Google doesn't just serve your video ads. It rebuilds them
Upload one horizontal video to a Performance Max campaign and watch what Google does with it. It may flip it vertical for YouTube Shorts. It may cut a shorter version. Leave the video slot empty and it may assemble an ad you never made, from your images and headlines. None of that is a leak or a beta. It is written policy. Google's help center now documents an entire AI layer that generates, resizes, and re-edits video creative, and it changes what "creative standards" means in practice. The standards that matter in 2026 are less about one file passing specs and more about what you feed a system that rewrites the rest of the results page too. This post covers the specs that still gate delivery, the AI rebuild layer Google added, the rules for AI-generated creative, and the cheapest way to stay in control.
The baseline: what a compliant video ad still needs
Before anything AI, the boring floors still decide whether your ad runs at all. Three of them matter most for video, and two are widely missed.
Three orientations, up to fifteen videos
Google's Performance Max video guidance is explicit about coverage. You can add up to 15 videos per asset group, and the guidance recommends one of each orientation: horizontal 16:9, square 1:1, and vertical 9:16. The page also states the requirement that trips most advertisers: "At least one vertical video between 10-60 seconds for Shorts eligibility." No vertical file, no Shorts placement. The same page sets the file-level floor for every video asset:
- HD video, for optimal quality at every placement size
- MPG file formats (MPEG-2 or MPEG-4)
- at least one vertical video between 10 and 60 seconds, for Shorts eligibility
- no audio-only files: MP3, WAV, and PCM uploads are not accepted on YouTube
Demand Gen runs on a similar grid:
| Orientation | Ratio | Recommended HD size |
|---|---|---|
| Horizontal | 16:9 | 1920x1080 |
| Square | 1:1 | 1080x1080 |
| Vertical | 4:5 | 1080x1350 |
| Vertical | 9:16 | 1080x1920 (Shorts) |
Duration floors that quietly gate placements
Length is not just pacing.
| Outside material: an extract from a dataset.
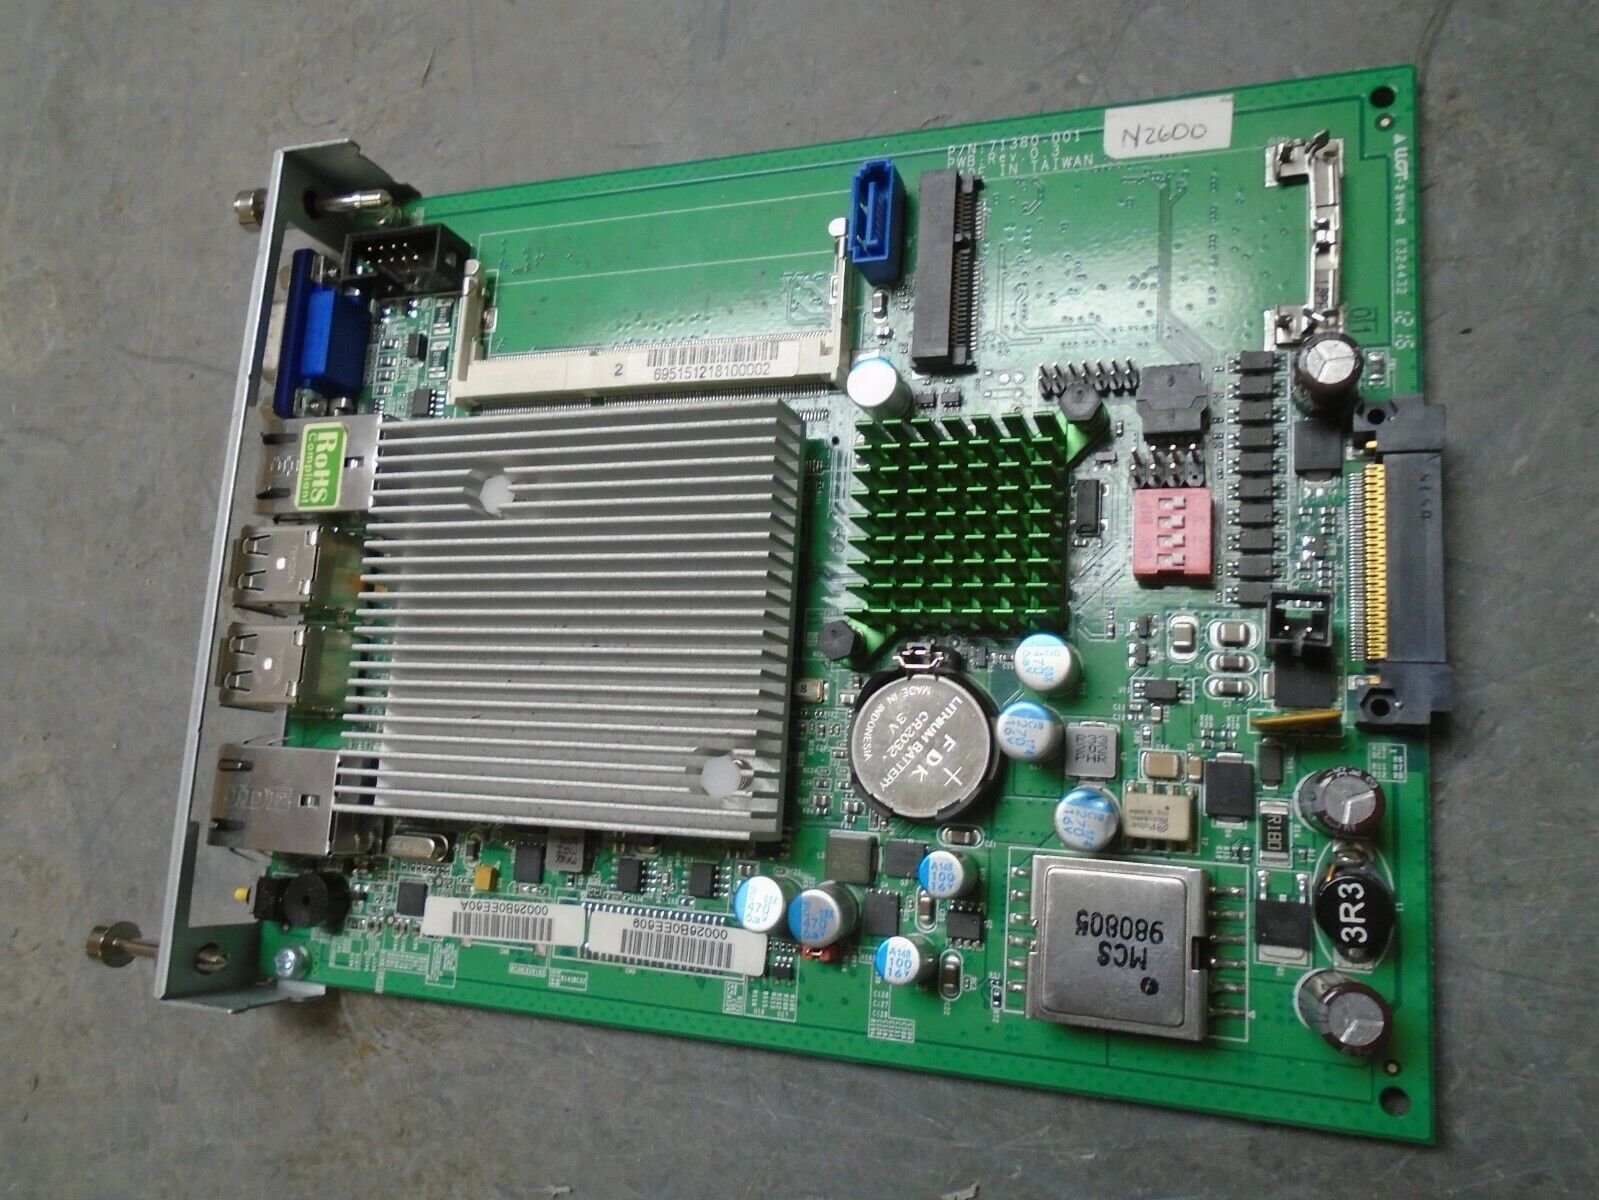 NEC GCD-IN SERVER II Card no ram or hard drive, missing face plate

Four floors decide where a video is even allowed to appear:
- Demand Gen accepts videos from 5 seconds
- under 10 seconds, per Google's spec page, "Videos less than 10 seconds are ineligible to serve on YouTube In-stream"
- Performance Max guidance recommends 10 seconds or more per video
- Shorts eligibility wants a vertical cut between 10 and 60 seconds
A 6-second cutdown that performed on paid social simply never enters the biggest YouTube auction. If you cut one master file, cut it at 10 seconds minimum and trim variants up, not down.
The editorial bar that never moved
Underneath every new AI feature sits the same editorial policy: Google Ads "only allows ads, assets, and destinations that are clear, easy to interact with, and relevant to users." Image quality rules still ban assets that are "blurry, unclear, unrecognizable, or contain illegible text." That last clause matters more in 2026 than it ever did, because AI generation tools produce exactly those failure modes at scale:
- warped hands and faces in generated b-roll
- melted or misspelled logos and packaging
- gibberish caption text baked into the frame
The policy does not care that a machine made the mistake. If you are new to the platform's structure, start with the full Google Ads guide and treat this post as the video-creative layer on top.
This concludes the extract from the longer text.